USA-China Trade War began in June 2018
When the trade war between global trade superpowers the US and China began back in June 2018, very few importers of consumer goods seemed to get alarmed. Hardly anyone, not even policymakers or global trade pundits thought it would continue to the level it has reached anyway.
Although the American government was already levying significantly massive worldwide tariffs on both steel and aluminum goods, no significant direct impact was expected on the importation of consumer products. Besides, most people assumed that the US and China would sign a truce, and the entire global trade war would disappear as suddenly as it had appeared.
Tariffs 25% targeting goods valued at over $200 billion
Fast forward to October 2018, and it became clear that the assumptions could not have been more premature. The global trade war is persisting as we speak. In fact, it has even grown worse, with two rounds of importation tariffs charged on Chinese products entering the US — targeting goods valued at over $200 billion — prompting Beijing to respond in kind.

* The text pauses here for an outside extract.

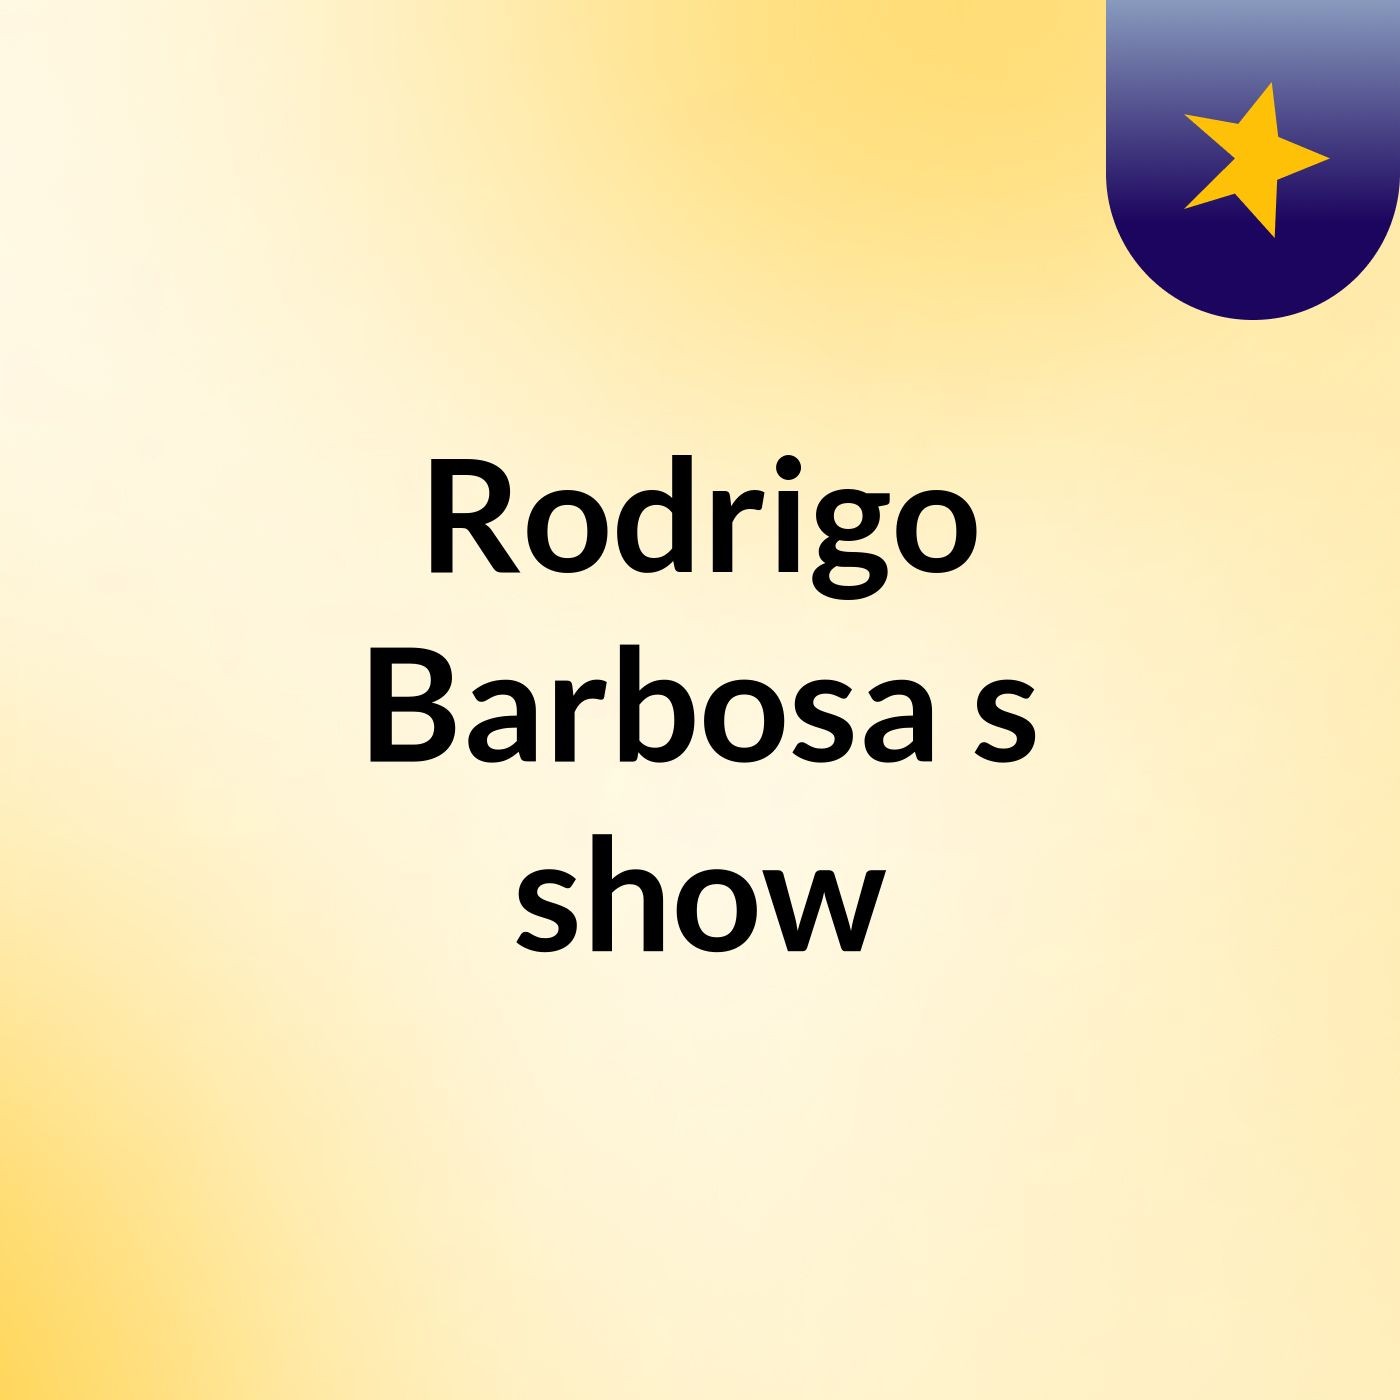 Rodrigo Barbosa's show

Whether to change the supply chains
With the latest developments in global trade, many importers of consumer goods are now considering whether to improve their supply chains by shifting to other source destinations. While finding alternative low-cost nations can be a viable option, no single source can replace the manufacturing powerhouse that’s China. The East Asian giant’s established infrastructural framework and huge labor market give it an edge on cost despite the massive tariffs.
While there are several low-cost destination options worth considering, moving your production source to a new supplier could come at a high expense because of ramp-up time, sampling, extra shipping costs, etc.

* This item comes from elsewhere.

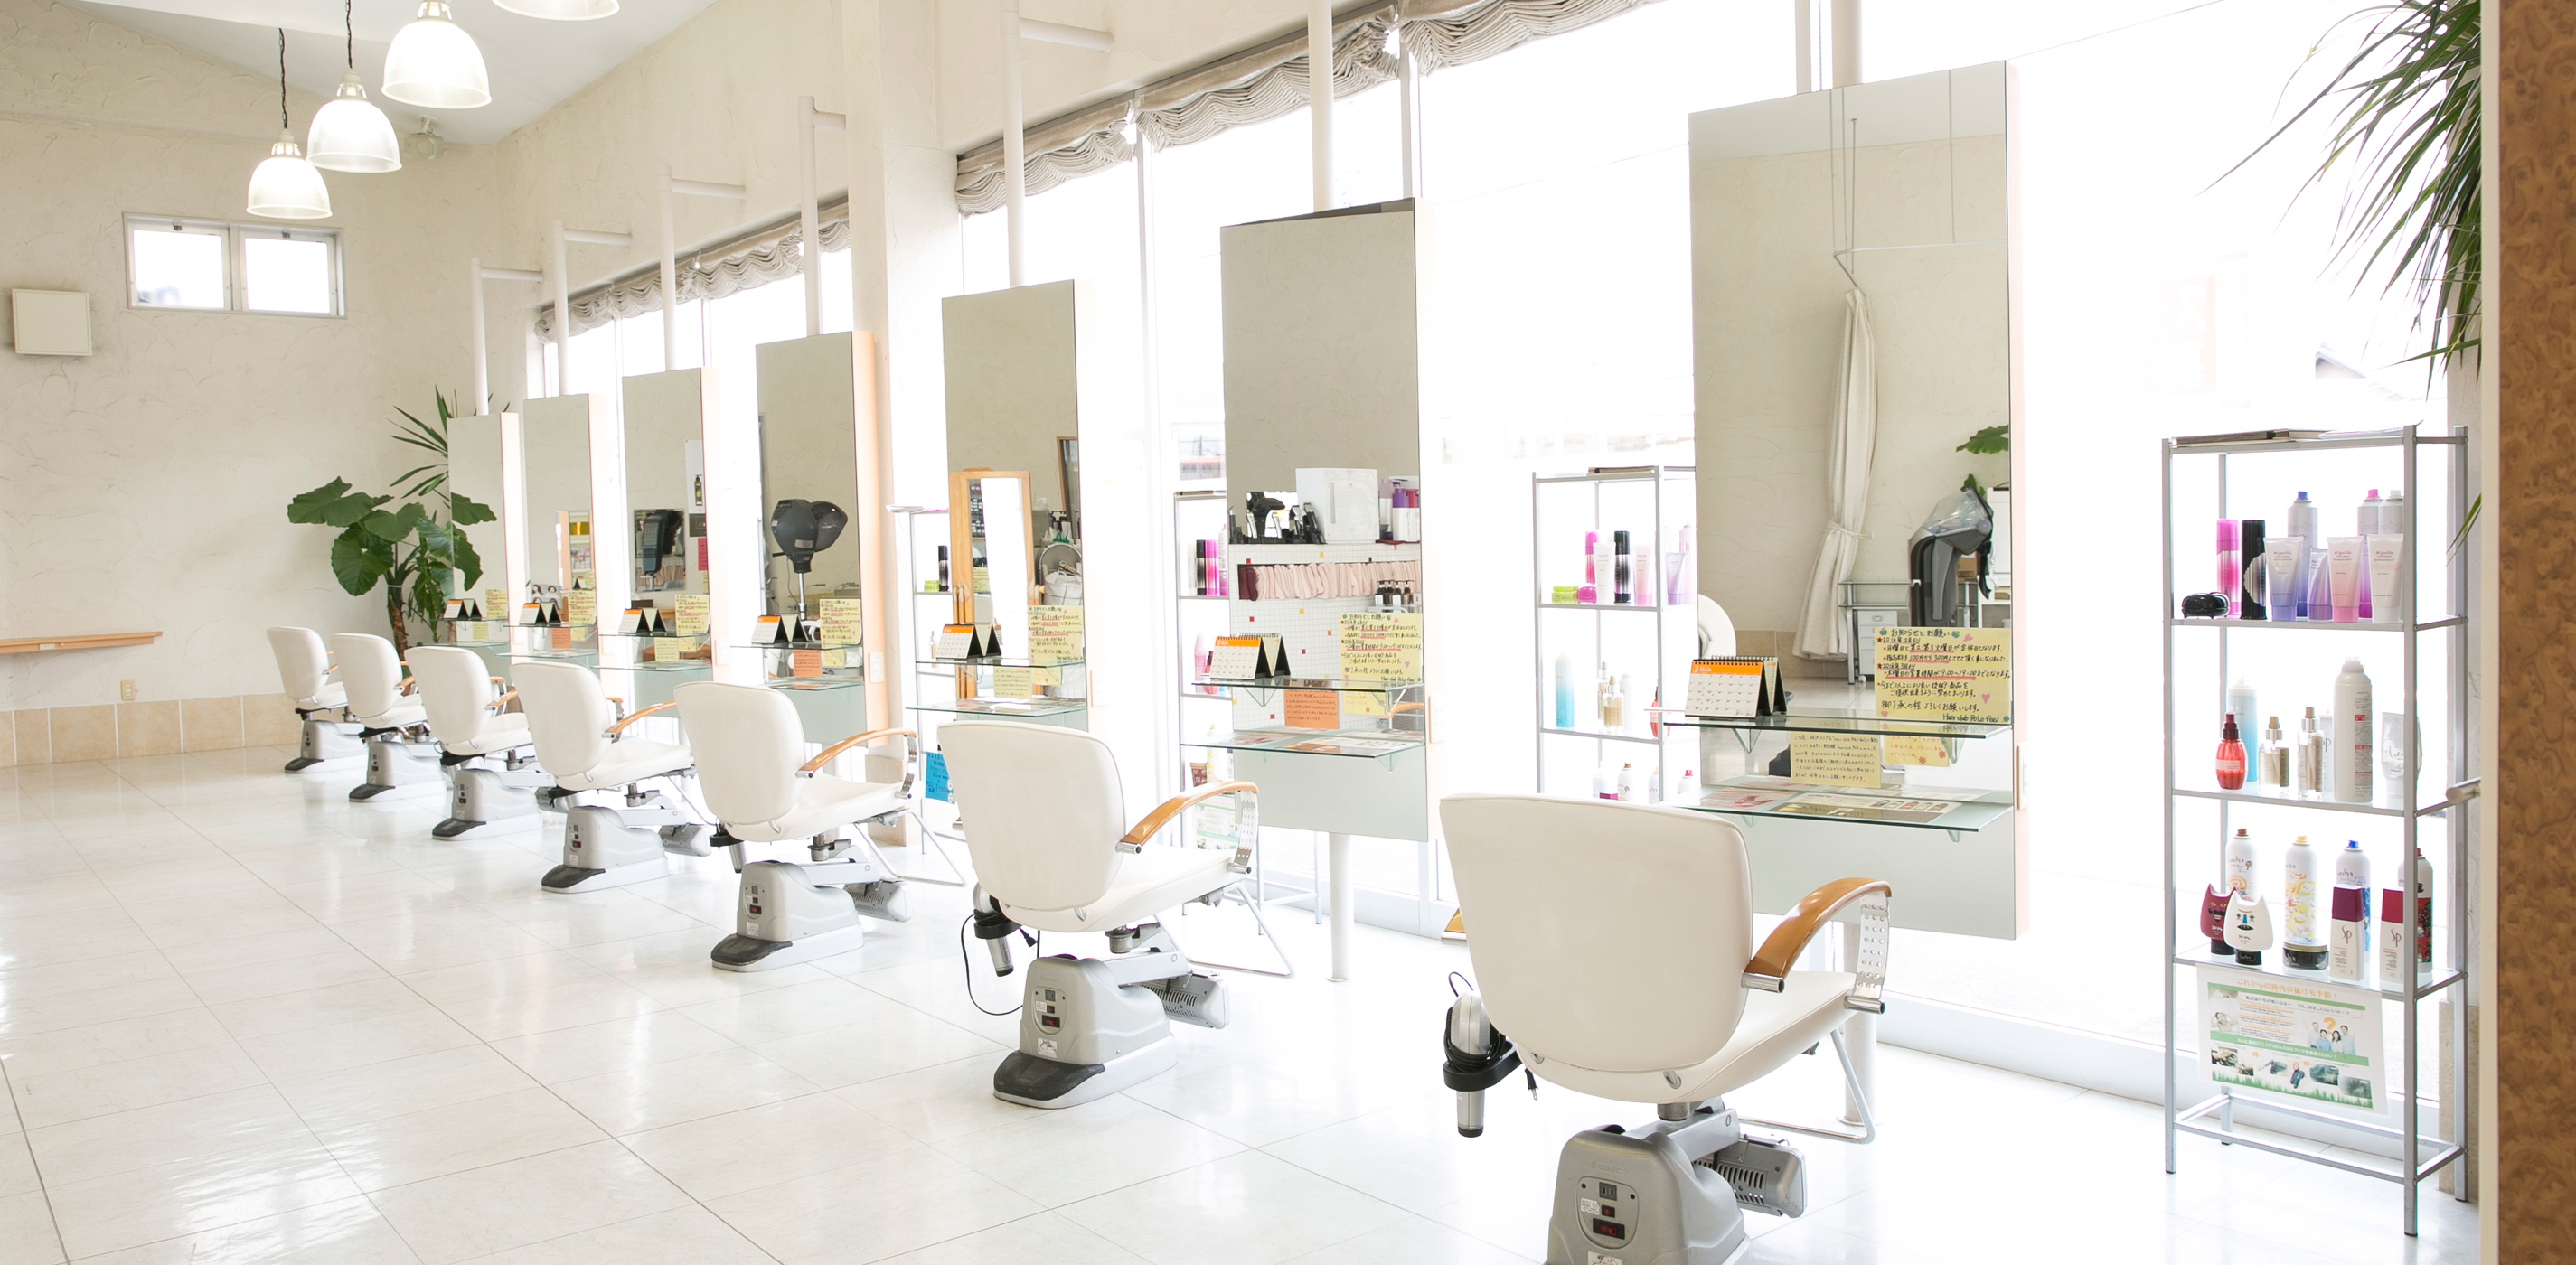 Hair Club Polo 稲沢市にpolo Feel あま市にpolo Amaの2店舗の美容室を展開しています

China’s already established manufacturing economy could offer advantages that you may not quickly get elsewhere. However, for an importer who makes all of their goods using necessary materials like all-plastic products, they may find it easier to shift production away from China. You could even find opportunities within the US and take advantage of highly automated production and lower shipping costs.
As for those importers who make their goods utilizing different materials across varying categories, you may find moving out of China harder because you may not get a single low-cost destination that makes all the products you need.
Although the world-class infrastructure in China can tremendously reduce shipping costs relative to surrounding Southeast Asian nations, if your new supplier is located in Latin America, the nearness to the US can make shipping costs lower than if you were getting products from China.
China’s manufacturing expertise and hugely productive workforce
China has built a lot of manufacturing expertise over the years. With its tremendously productive workforce, it can produce so many types of goods. There’s hardly any other country that combines that level of expertise with as deep a labor pool as China does. Hardly any low-cost country can beat that combination.
Indeed, we’re dealing with an unpredictable future as far as the ongoing global trade war is concerned. If, as an importer, you’re considering moving your production to an alternative sourcing location, then you need also to ask yourself how the global trade arena would look like if the current tariff regime suddenly changes. Most importantly, how would you cope?
Don’t rush into making decisions. Keep your options open. Don’t burn your bridges even if you decide to shift your production away from the Chinese market. And, don’t compromise on quality also if looking for cheaper supply options. Do a thorough audit of any suppliers you may decide to shift your production to and hire the inspection company to make sure they meet the required quality.